STORED DATA:

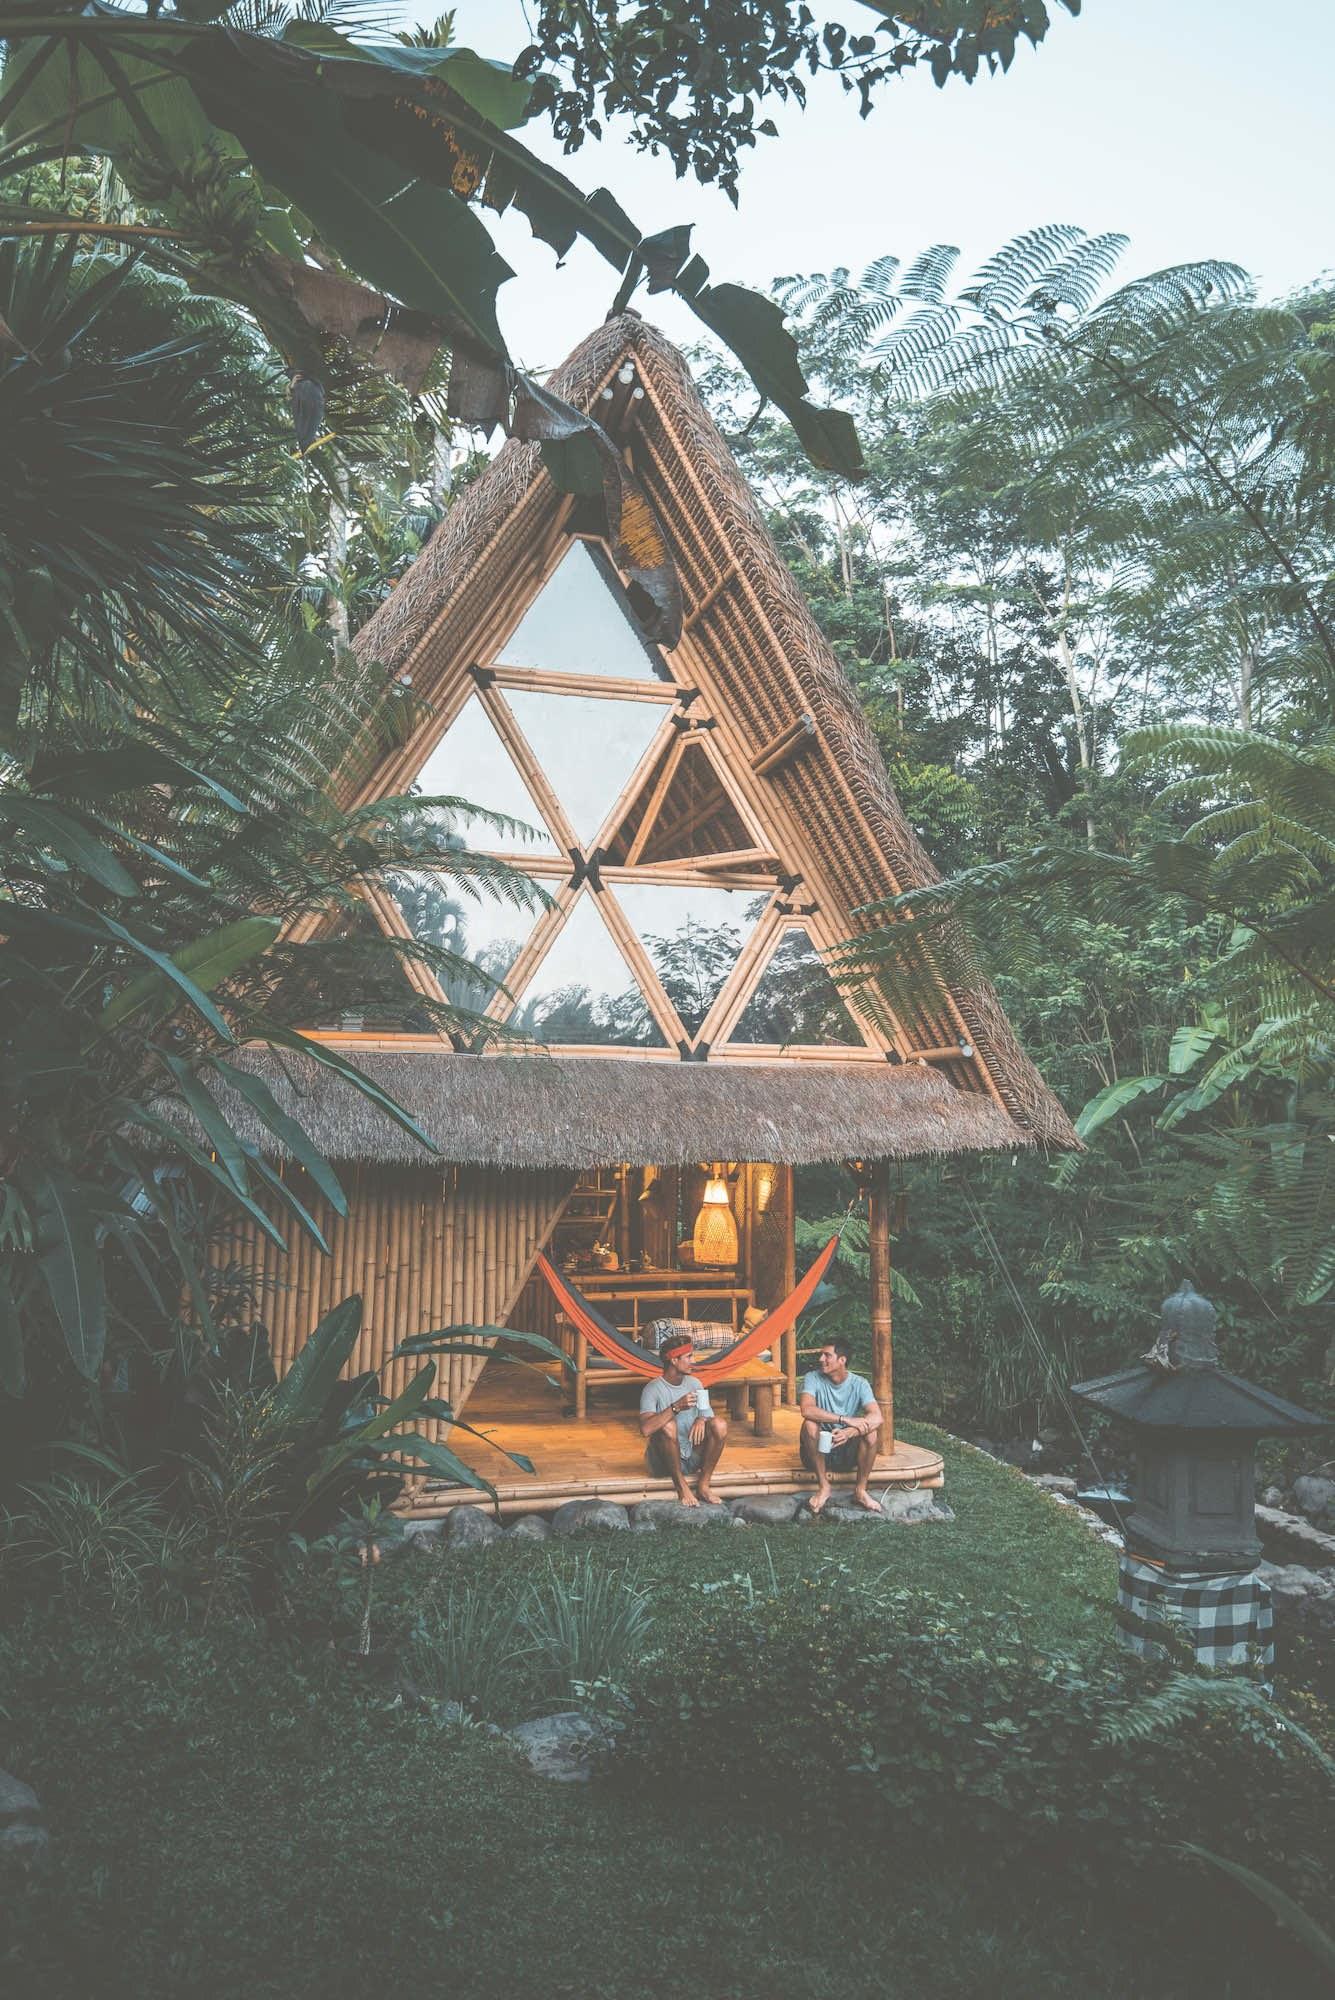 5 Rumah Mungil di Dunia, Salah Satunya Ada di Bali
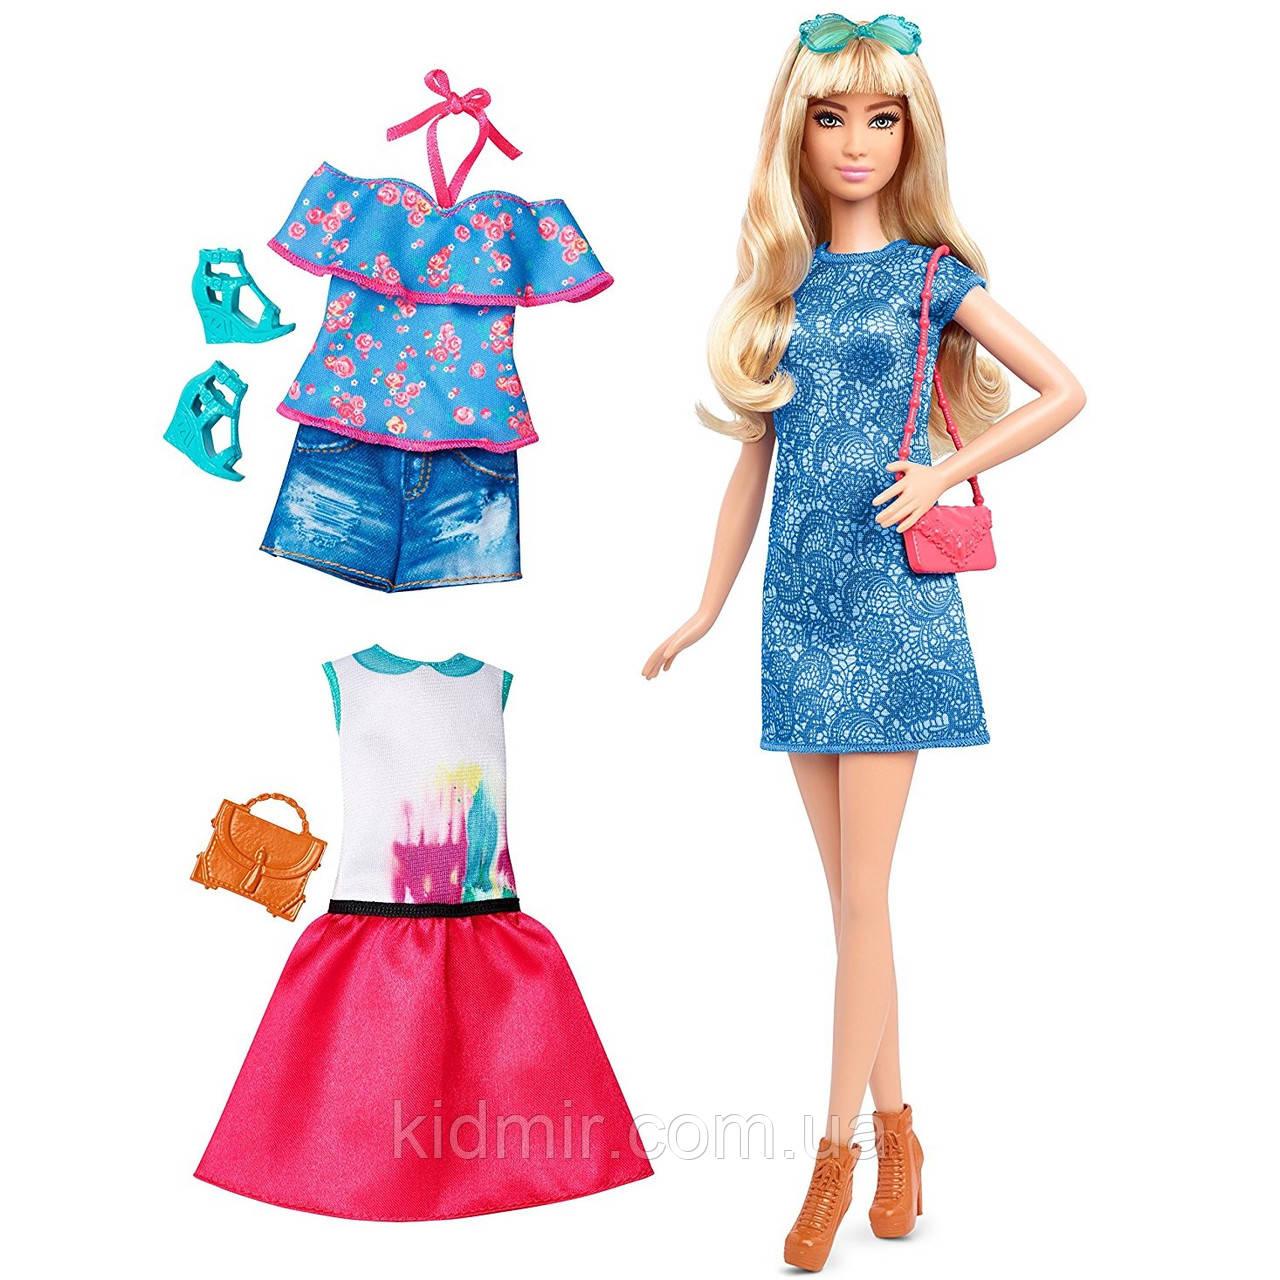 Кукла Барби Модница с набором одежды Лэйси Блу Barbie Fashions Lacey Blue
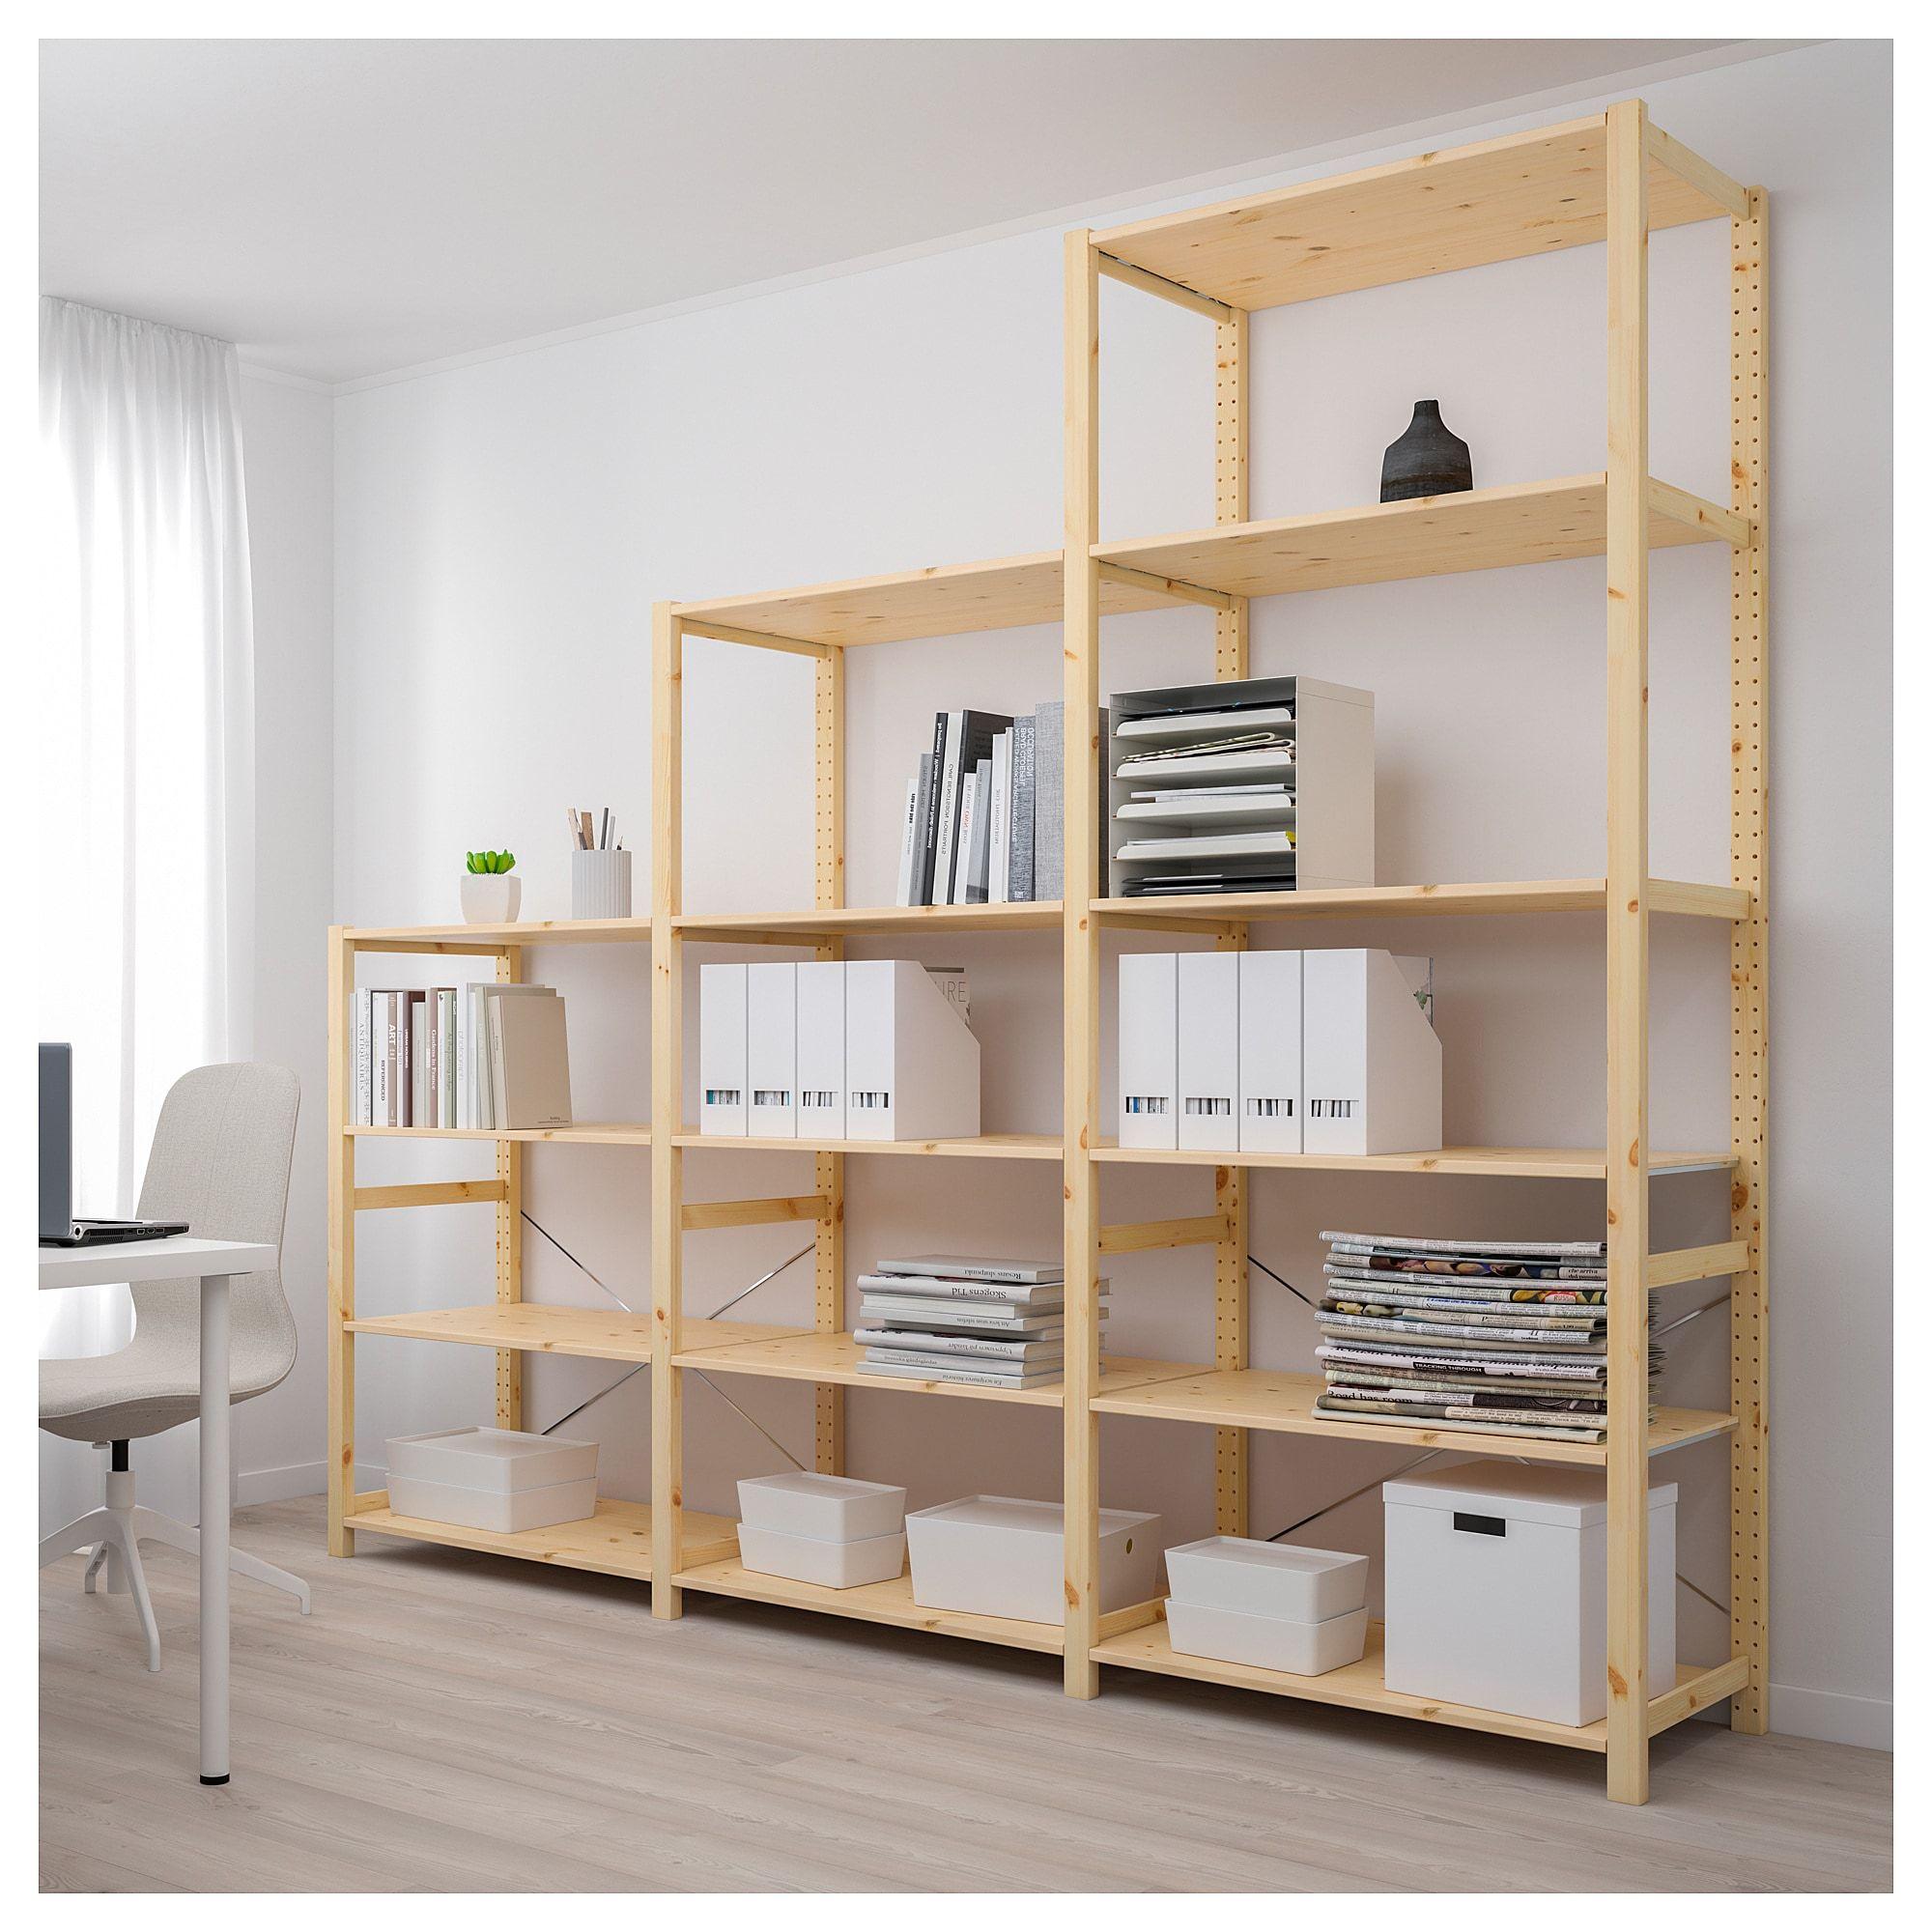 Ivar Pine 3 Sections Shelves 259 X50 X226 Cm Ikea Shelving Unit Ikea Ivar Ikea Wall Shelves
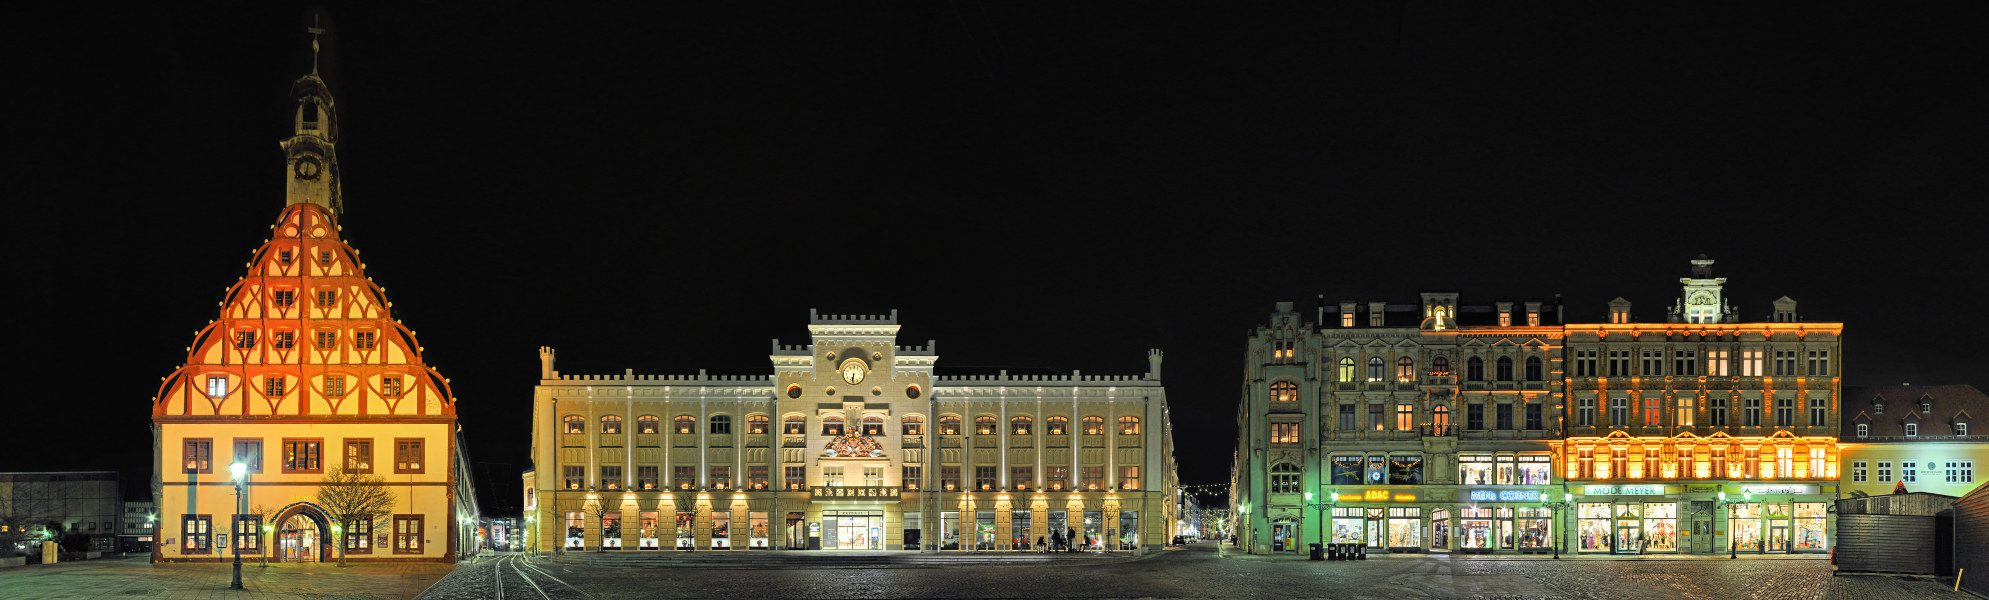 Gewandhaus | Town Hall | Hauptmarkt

TASK STATEMENT: Write out the lines of the material from the one containing "Кукла Барби Модница" through the last, exactly and only those. Leave every picture out.

TASK SOLUTION:
 Кукла Барби Модница с набором одежды Лэйси Блу Barbie Fashions Lacey Blue
 Ivar Pine 3 Sections Shelves 259 X50 X226 Cm Ikea Shelving Unit Ikea Ivar Ikea Wall Shelves
 Gewandhaus | Town Hall | Hauptmarkt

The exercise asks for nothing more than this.